Samba also worked as a journalist for several media outlets in Senegal and for the French service of the BBC. Samba’s research focuses on the role of digital media in the armed conflicts in Ethiopia and Mali. He is interested in understanding how digital media affect the way the armed conflicts in Ethiopia and Mali are portrayed and how disinformation and hate speech are propagated, as well as their impact on the conflict.

Follow him on twitter @dialimpa

Oleksandra Hrybenko is researching the safety of women journalists reporting on the war in Ukraine as a PhD candidate at OsloMet. Previously, she worked with human rights and media freedom as a junior Officer for the OSCE in Chisinau, Moldova.

Florence Namasinga Selnes is a Postdoctoral research fellow at the Department of Journalism and Media Studies under the project Understanding Youth Participation and Media Literacy in Digital Dialogue Spaces (U-YouPa). She is researching teenagers’ understanding of and experiences with misinformation on social media. 

Her research interests are in the areas of media and gender, social media, and media literacy; and media freedom, including the safety and security of journalists, among others. Her work has been published as research articles, book chapters and commentary in the media. 

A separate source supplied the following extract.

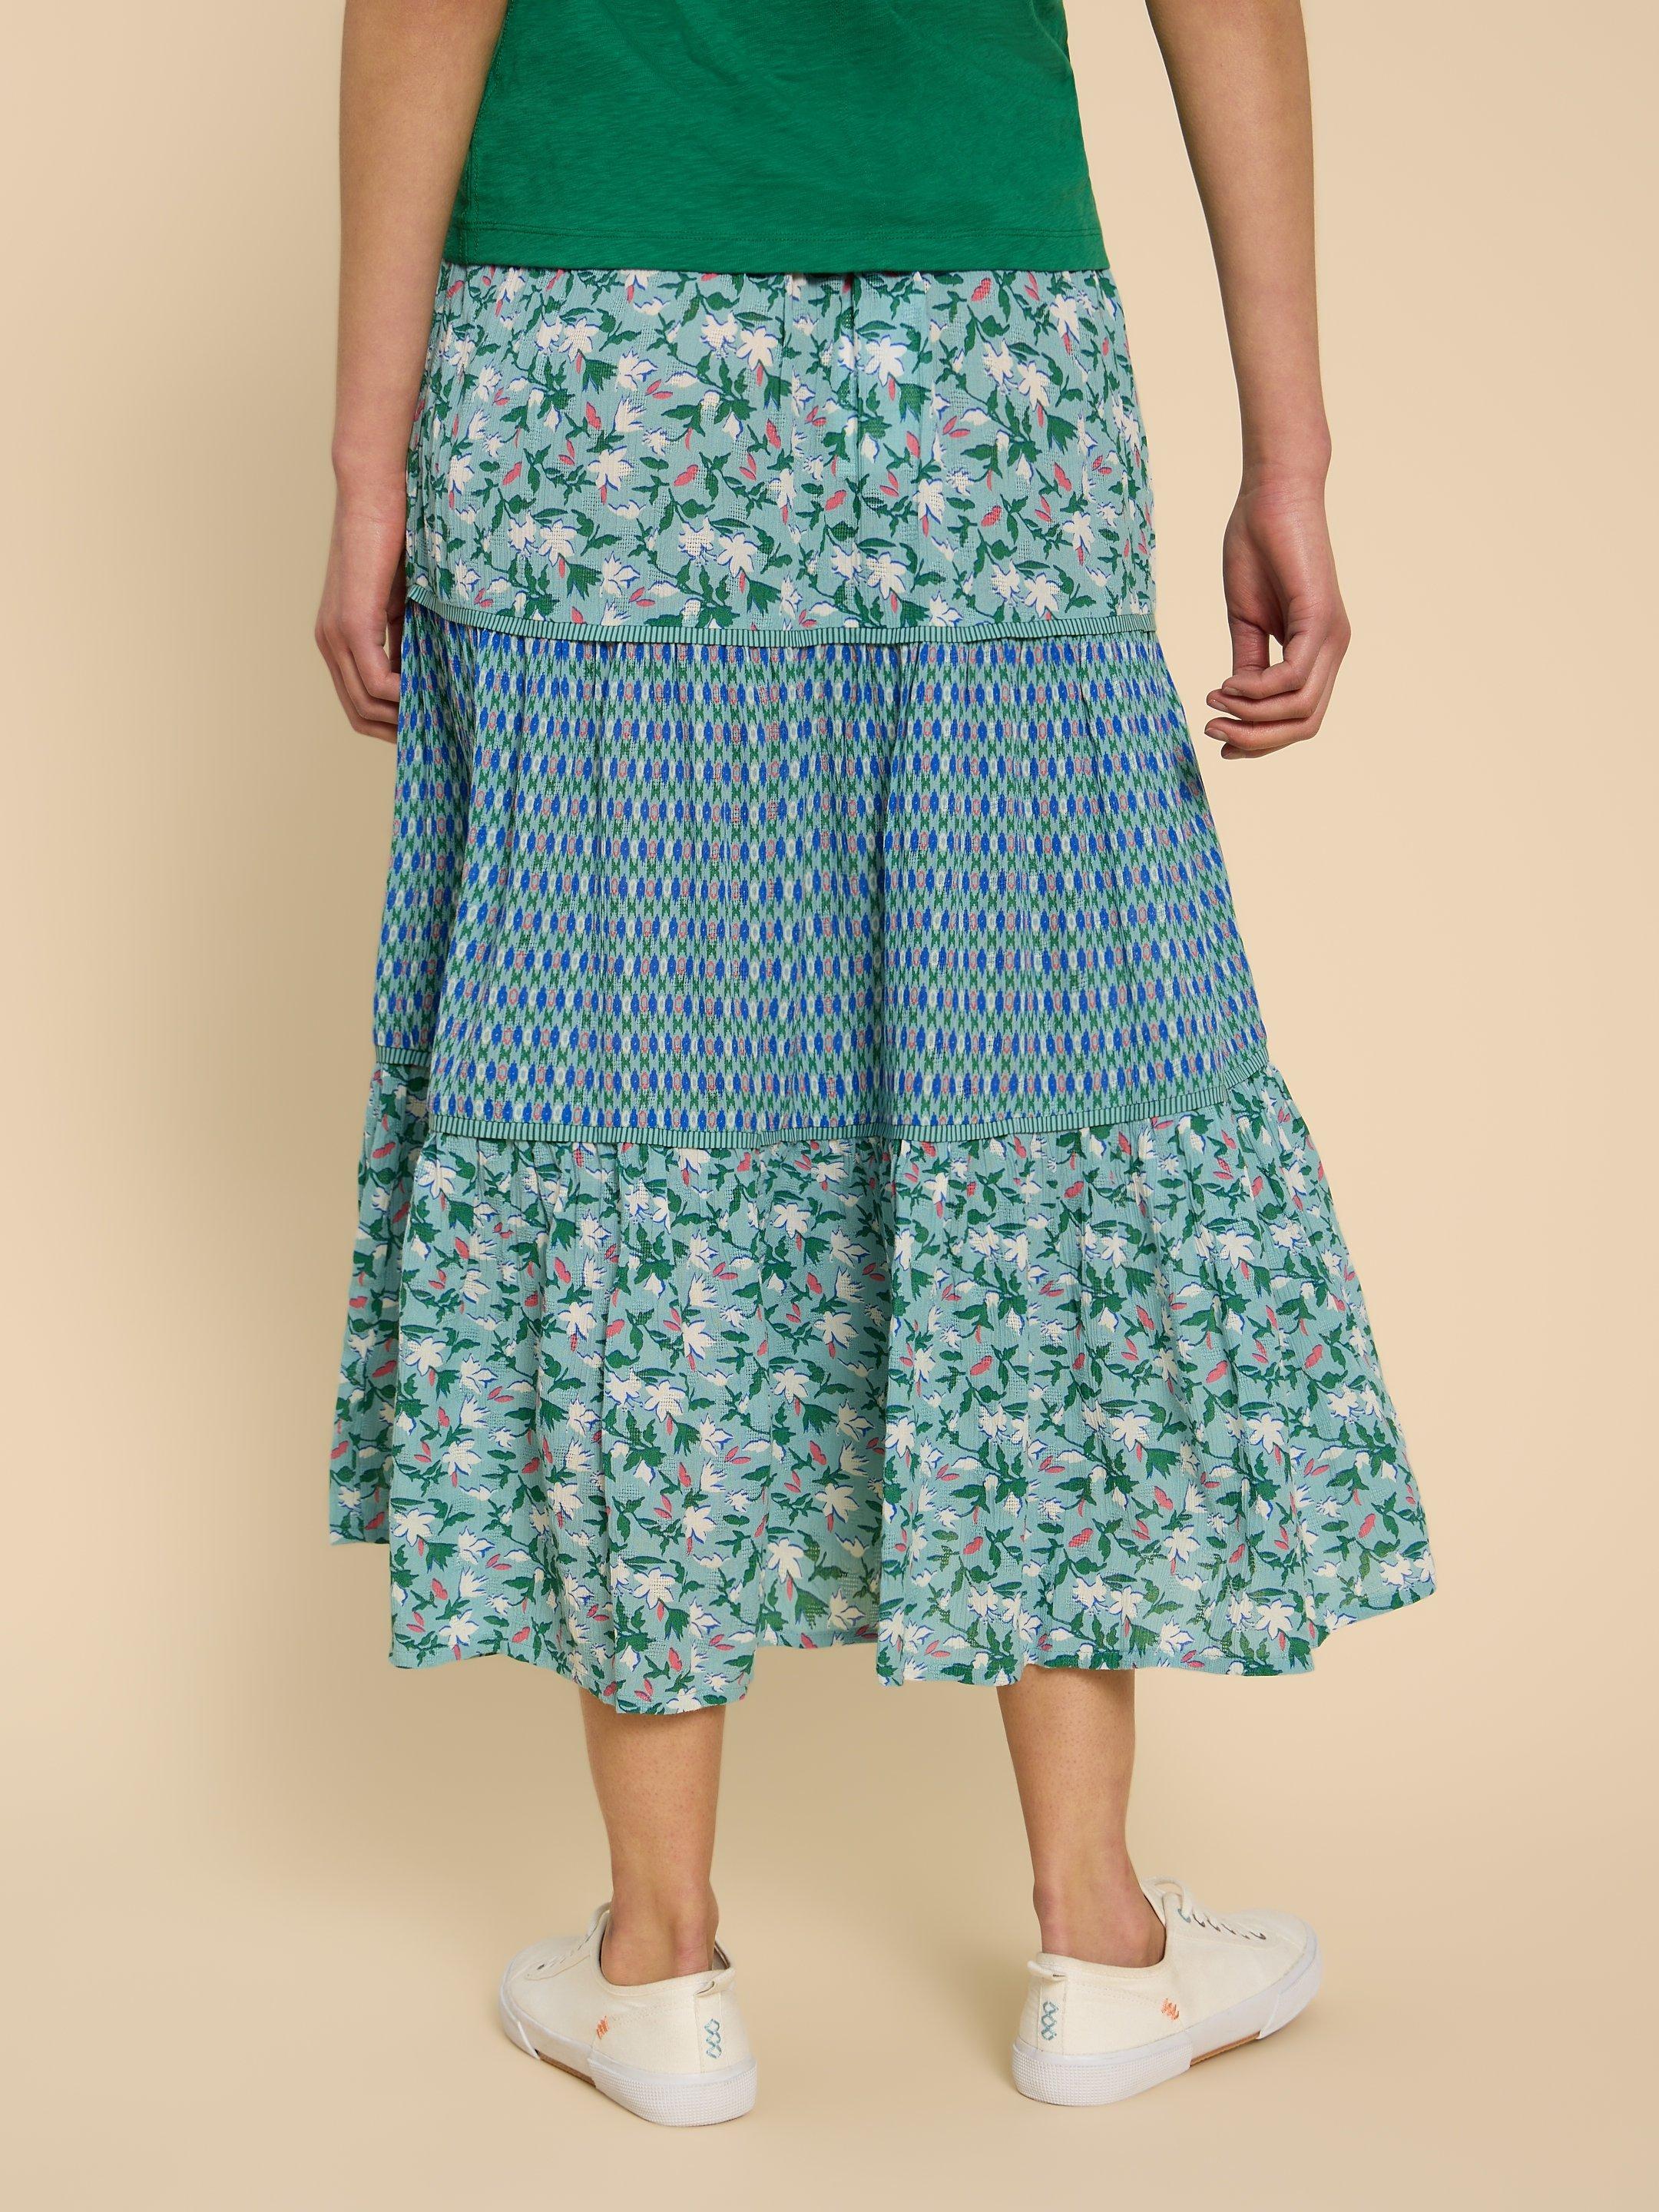 Mabel Mixed Print Skirt in TEAL PR - MODEL BACK

Svea Vikander is a PhD candidate at the University of the Basque Country in Bilbao and a lecturer in the Journalism and Media Studies Department at OsloMet university. Her MA thesis at the Sámi Allaskuvla (Indigenous Journalism, 2021) documented and analysed Sámi journalists’ experiences of covering sexual violence.

Previously, Svea studied maternal rhetorics at Goddard College (MA Counselling Psychology, 2015) and narrative moral reasoning at the University of Toronto (BA Psychology, 2006). Her current research interests include journalist trauma and recovery, the psychological effects of legal and rhetorical attacks, and minority language journalists’ strategies for coping with stress.